Neubau/Sanierung Calwer Passage (in Bau)

  • Neubau/Sanierung Calwer Passage

    Die WLV möchte den Komplex Calwer Passage verkaufen. Derzeit liegen die Verhandlungen mit möglichen Investoren wie etwa mit der Ferdinand Piëch Holding-Tochter Argon jedoch auf Eis, da das RP Stuttgart darüber zu befinden hat, ob die Passage aus den 70ern unter Denkmalschutz zu stellen ist. Das RP möchte aus politischen Gründen erst einmal die Meinungsbildung durch Neu-OB Kuhn und der Stadt abwarten. Es soll unter Stadt und RP dennoch ausgemachte Sache sein, dass der Denkmalschutz kommt, fraglich nur noch dessen Anteil.


    Potenzielle Investoren würden wohl aus wirtschaftlichen Gründen einen Komplettabriss und Neubau des Komplexes favorisieren. Denkbar wäre auch Teilabriss und Integration der Passage.


    Quelle: StZ-Online

  • Naja, der Abriss des Eckhauses und vergrösserter Neubau wäre aus meiner Sicht verkraftbar bis sehr Wünschenswert. Das wird aber ein statisch und organisatorisch spannende Aktion, da das Haus über dem Hauptzugang zur station Stadtmitte steht.


    Die Nördlich gegenüberliegende Ecke des Platzes könnte man sich bei der Gelegenhet gleich mit vornehmen, dort sollten sich die Baumassen wenigstens verdoppeln lassen.
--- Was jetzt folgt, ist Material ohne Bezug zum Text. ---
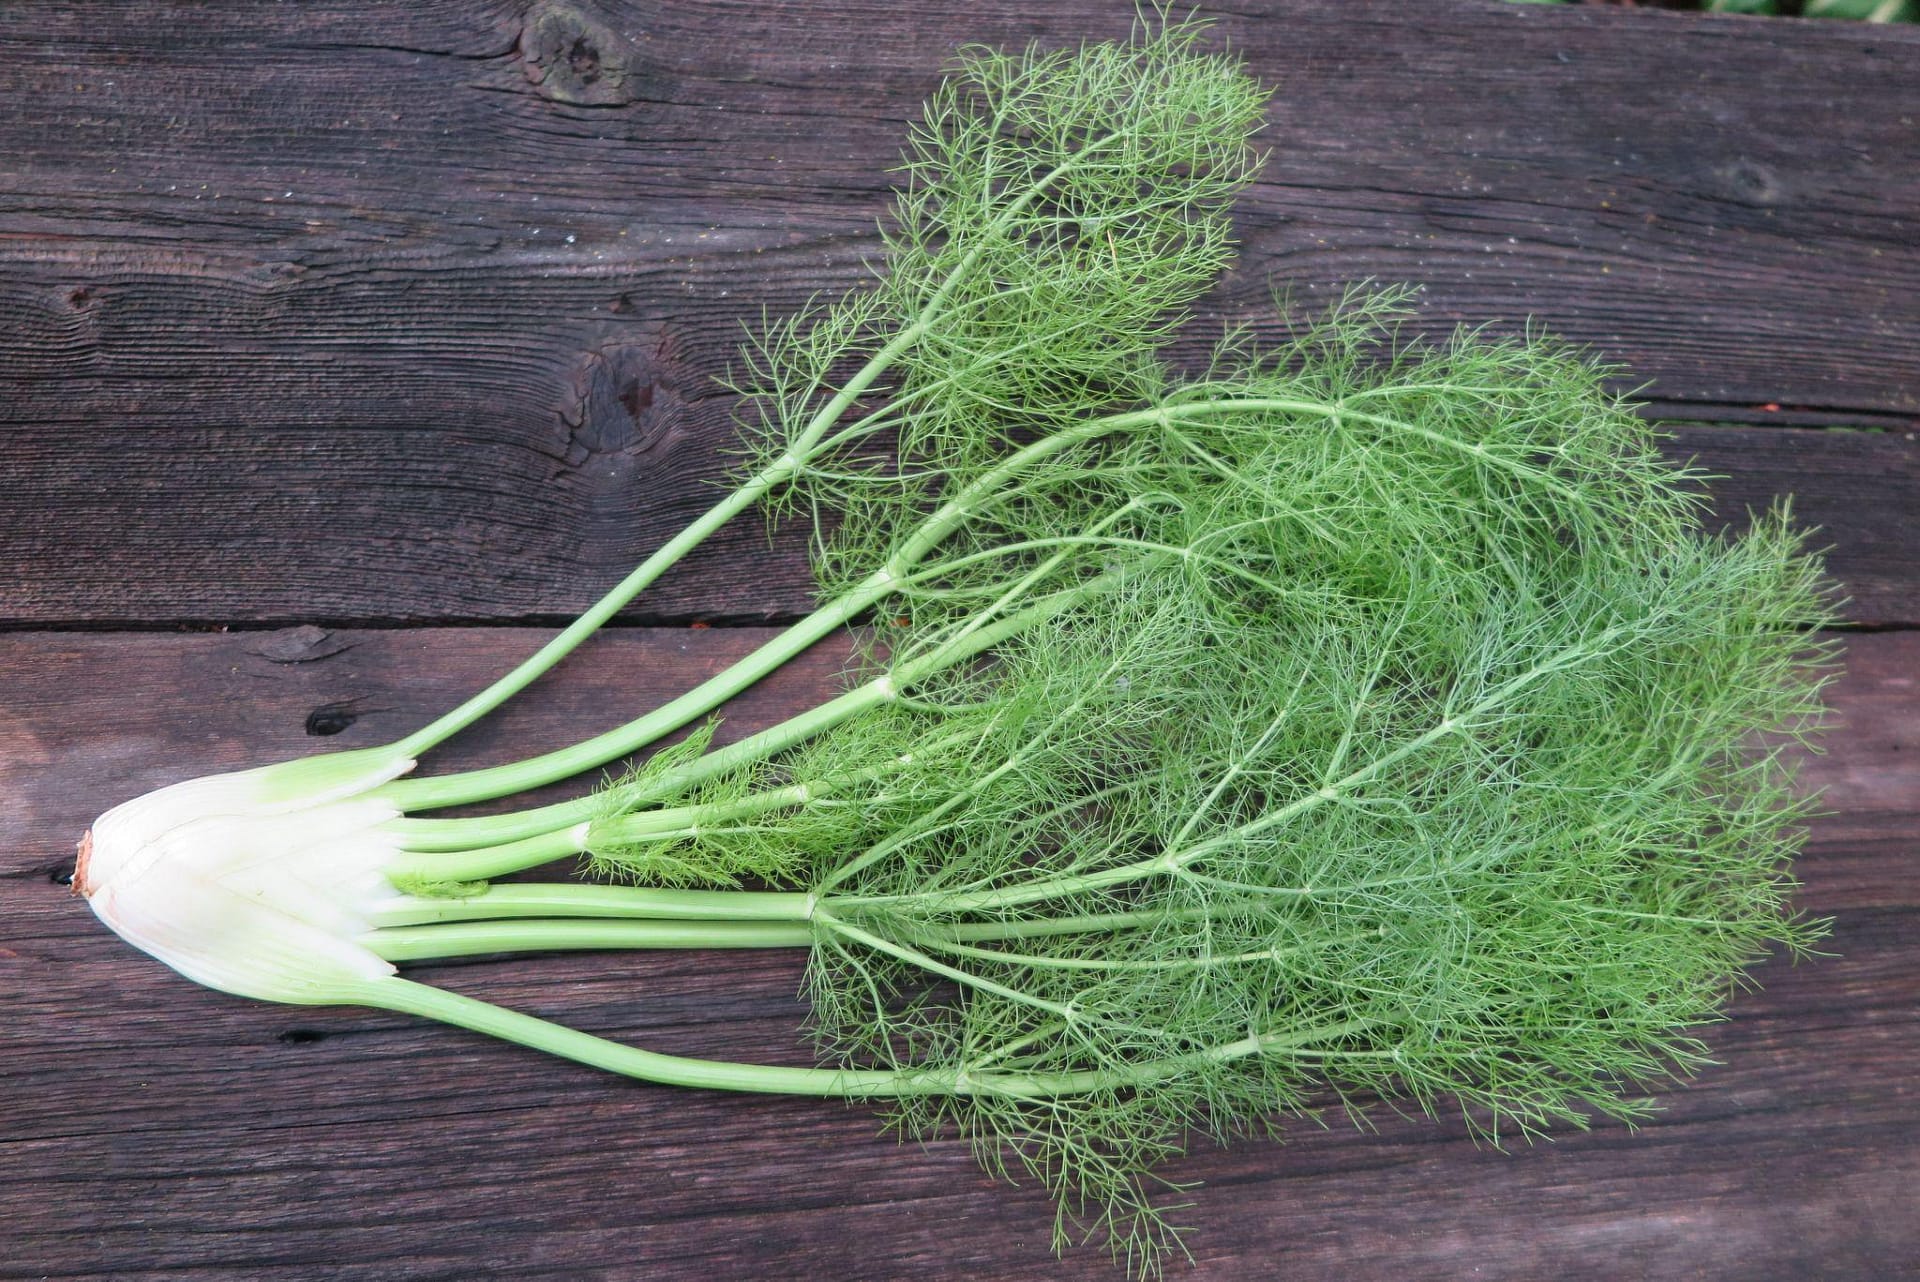 Raw fennel plant on wood background
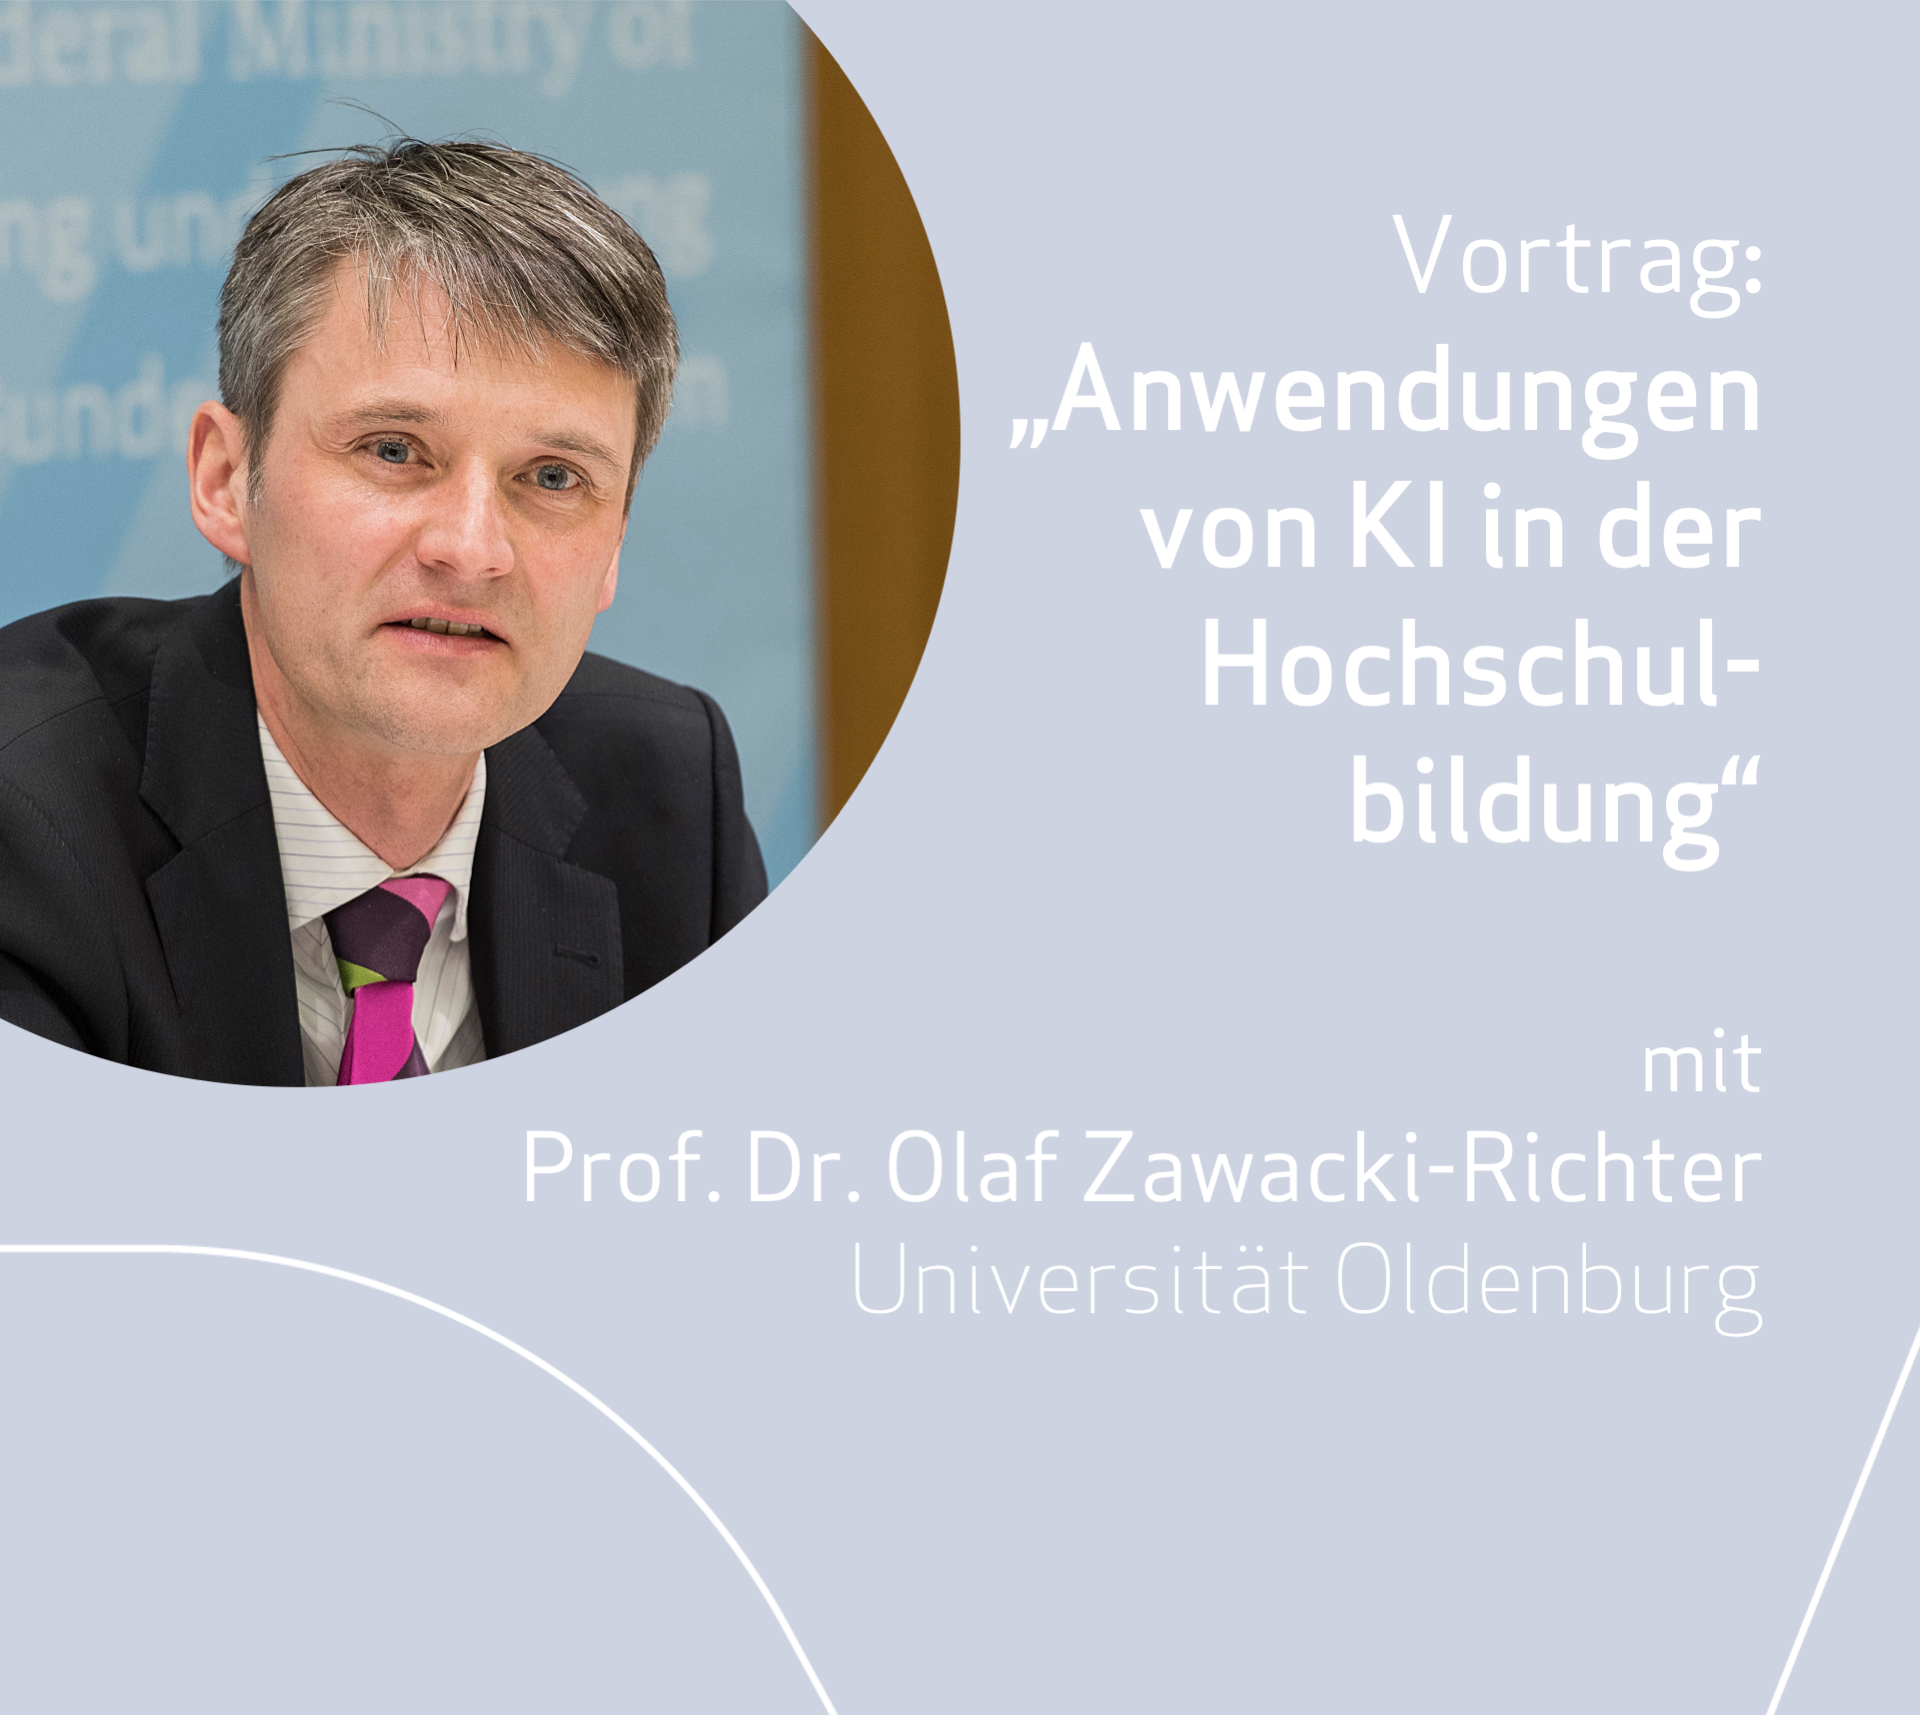 Pre-Conference | Keynote von Prof. Dr. Olaf Zawacki-Richter: "Anwendungen künstlicher Intelligenz in der Hochschulbildung – Entwicklung eines Forschungsfeldes"

  • Vergrößter Neubau. In Stuttgart ? :lach:


    Aber mal im Ernst: Den gesamten Komplex abreissen - das wäre wirklich eine echte Chance für die grässliche dunkle Ecke.


    Das mit dem Denkmalschutz kann doch wohl echt nicht ernst sein?
    Naja, unter grüner Herrschaft kann es dann wohl doch sein. Jedenfalls werden wir anhand dessen sehen, worauf wir uns in den nächsten acht Jahren einstellen müssen...

  • hm, die Calwer Passage an sich find ich jetzt gar nicht mal so schlecht und durchaus denkmalwürdig (also die Passage unter dem Glasbogen, nicht das Trauerspiel daneben!).


    Einen Teilerhalt (nämlich genau die Passage an sich) mit gleichzeitiger Neuentwicklung des Eckhauses, wenn nicht gar des ganzen Blocks bis hin zur Lange Straße, könnte ich mir durchaus vorstellen. Da dürfte dann sogar etwas mehr Glas verwendet werden, die Passage ist ja schon recht düster.


    Das Eckhaus könnte sich in der Höhe durchaus am (gelungenen) CityPlaza gegenüber orientieren.


    Das mit der S-Bahn stelle ich mir jetzt nicht so problematisch vor, wer einen ganzen Bahnhof verbuddeln will bekommt auch das hin. Gegenüber (CityPlaza) hats ja auch geklappt (ok, das Gebäude steht jetzt nicht wirklich über der Haltestelle).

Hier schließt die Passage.